### [Information given]
•••
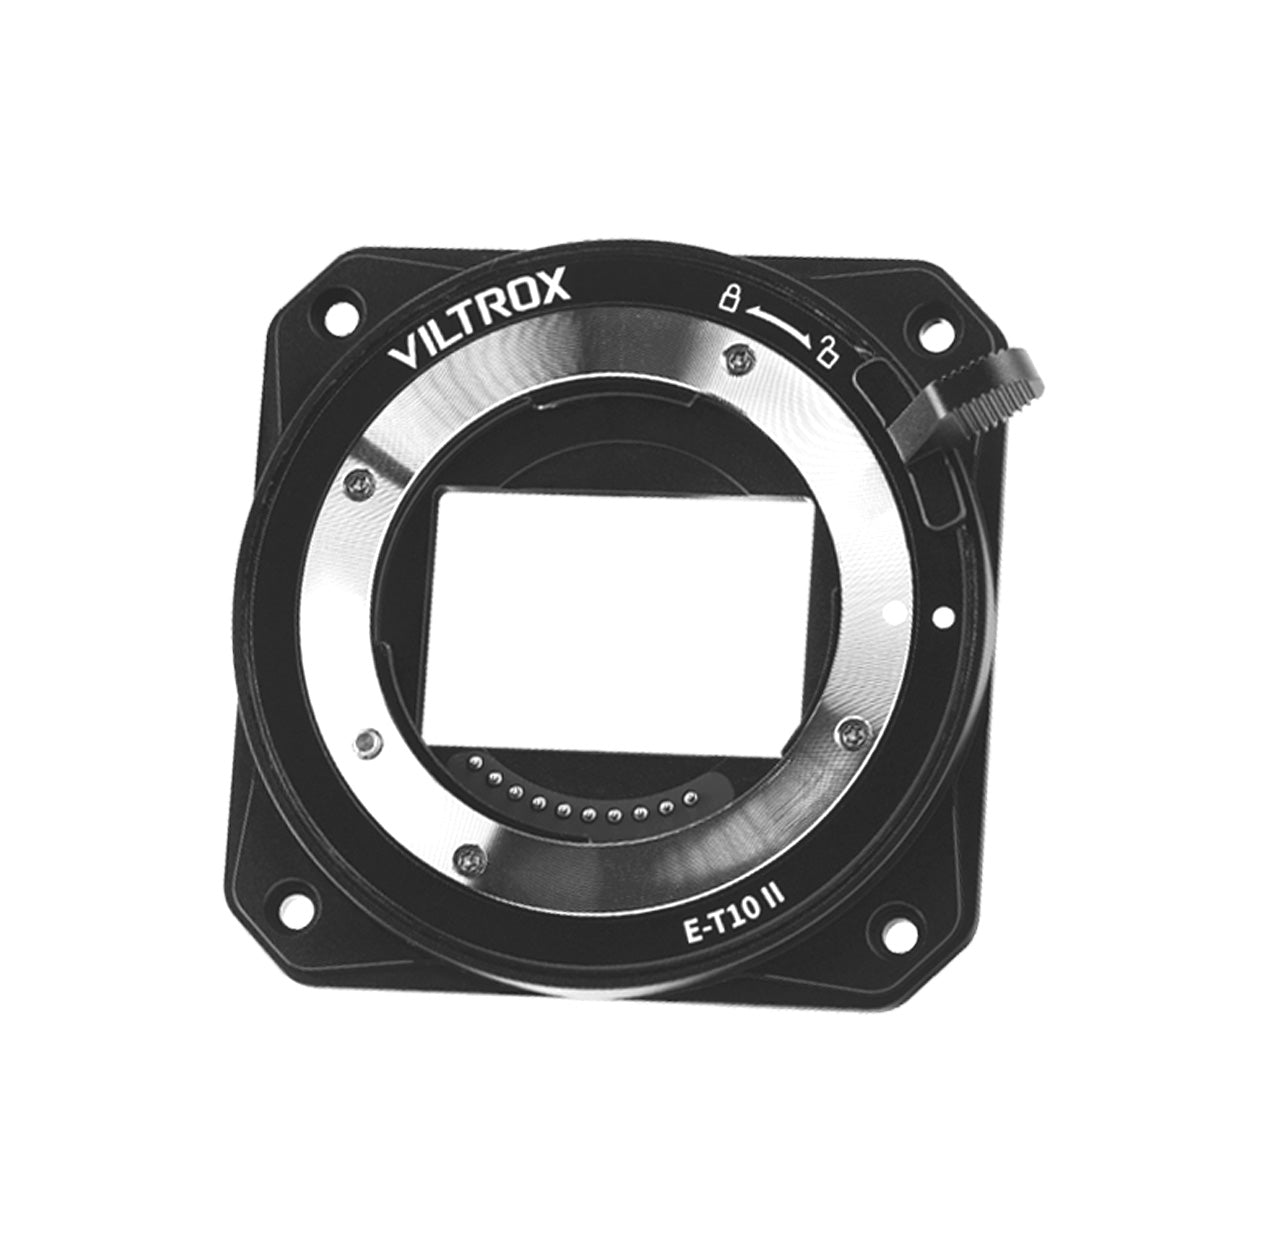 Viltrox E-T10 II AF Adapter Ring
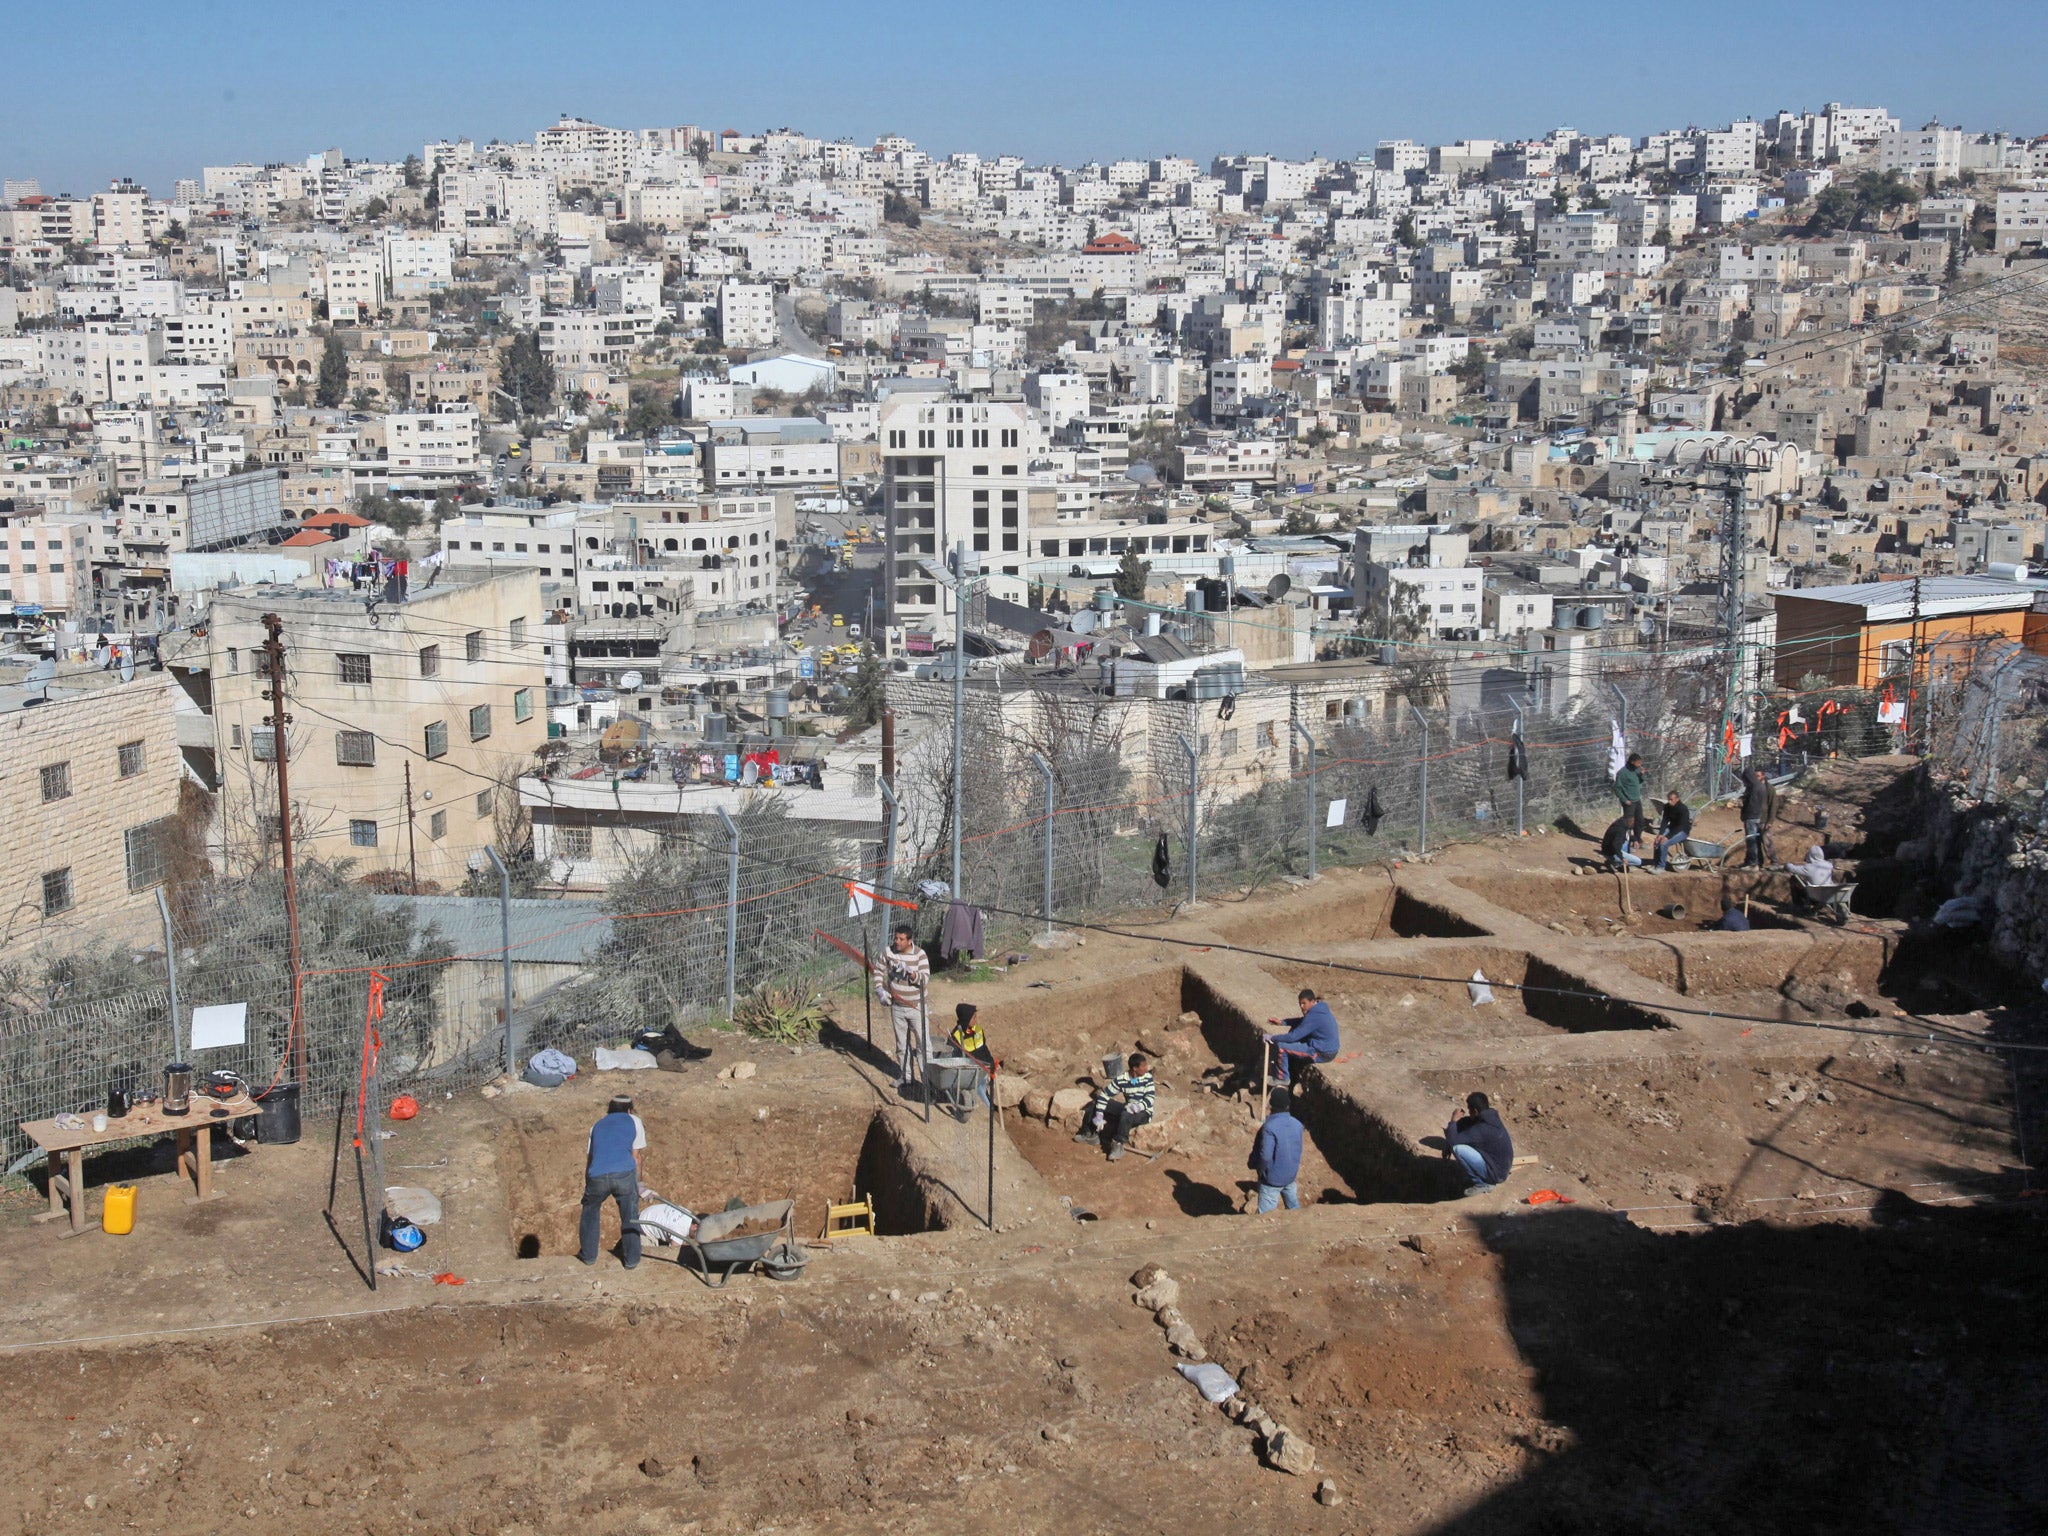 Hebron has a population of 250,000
•••
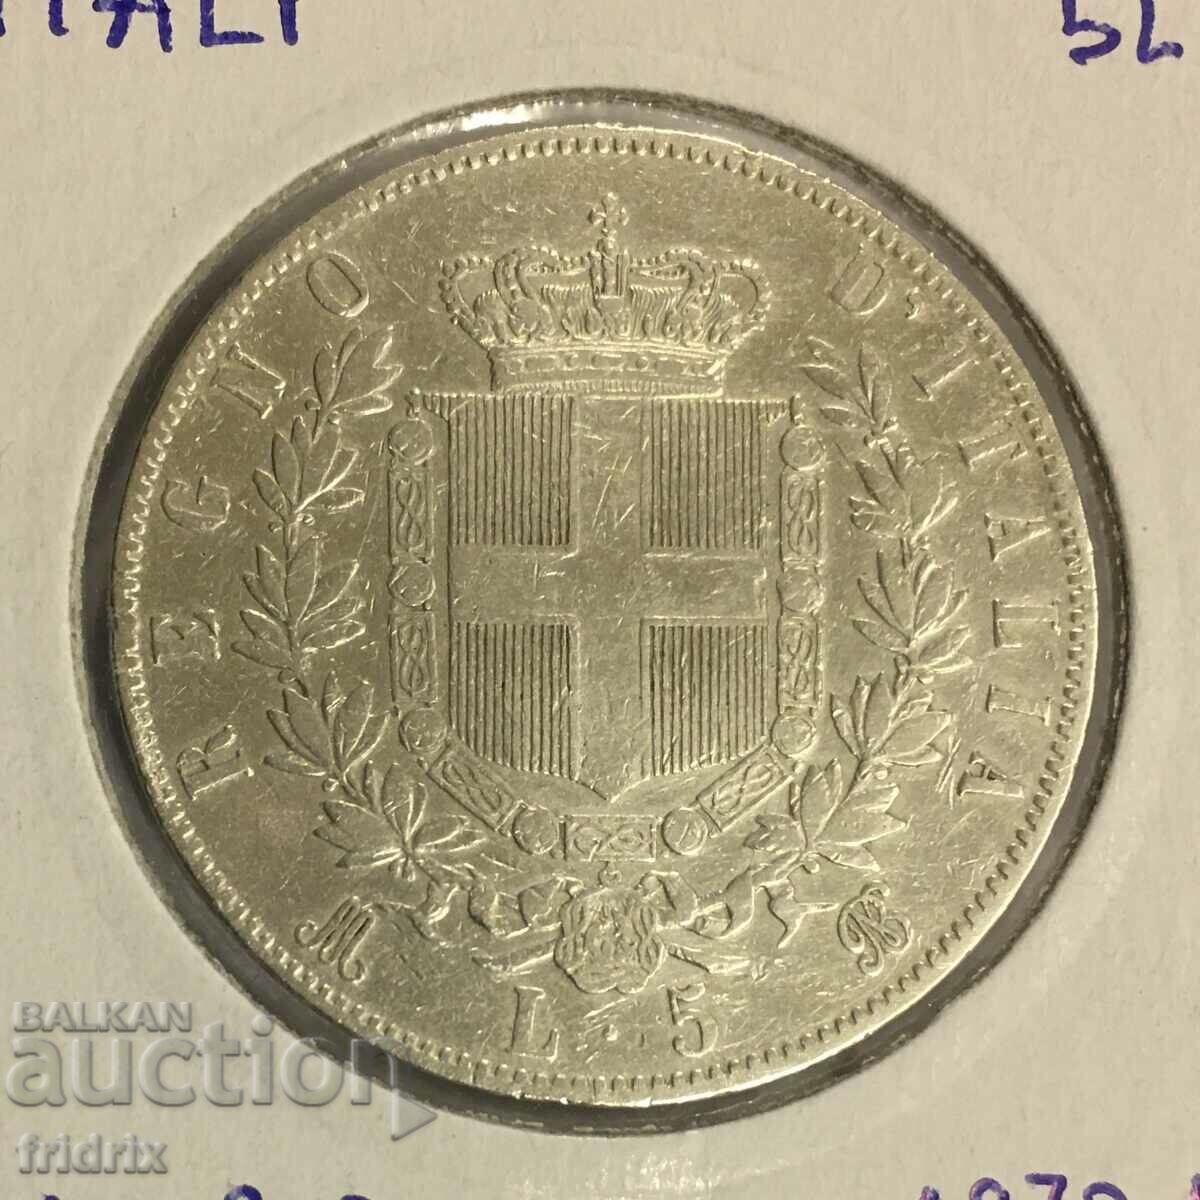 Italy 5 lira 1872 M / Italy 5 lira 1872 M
•••
### [What needs to be done]
Give back the exact lines above, running from the one that has "Viltrox E-T10 II AF Adapter Ring" through the one that has "Hebron has a population of 250,000", with nothing added and no pictures.

### [Written answer]
 Viltrox E-T10 II AF Adapter Ring
 Hebron has a population of 250,000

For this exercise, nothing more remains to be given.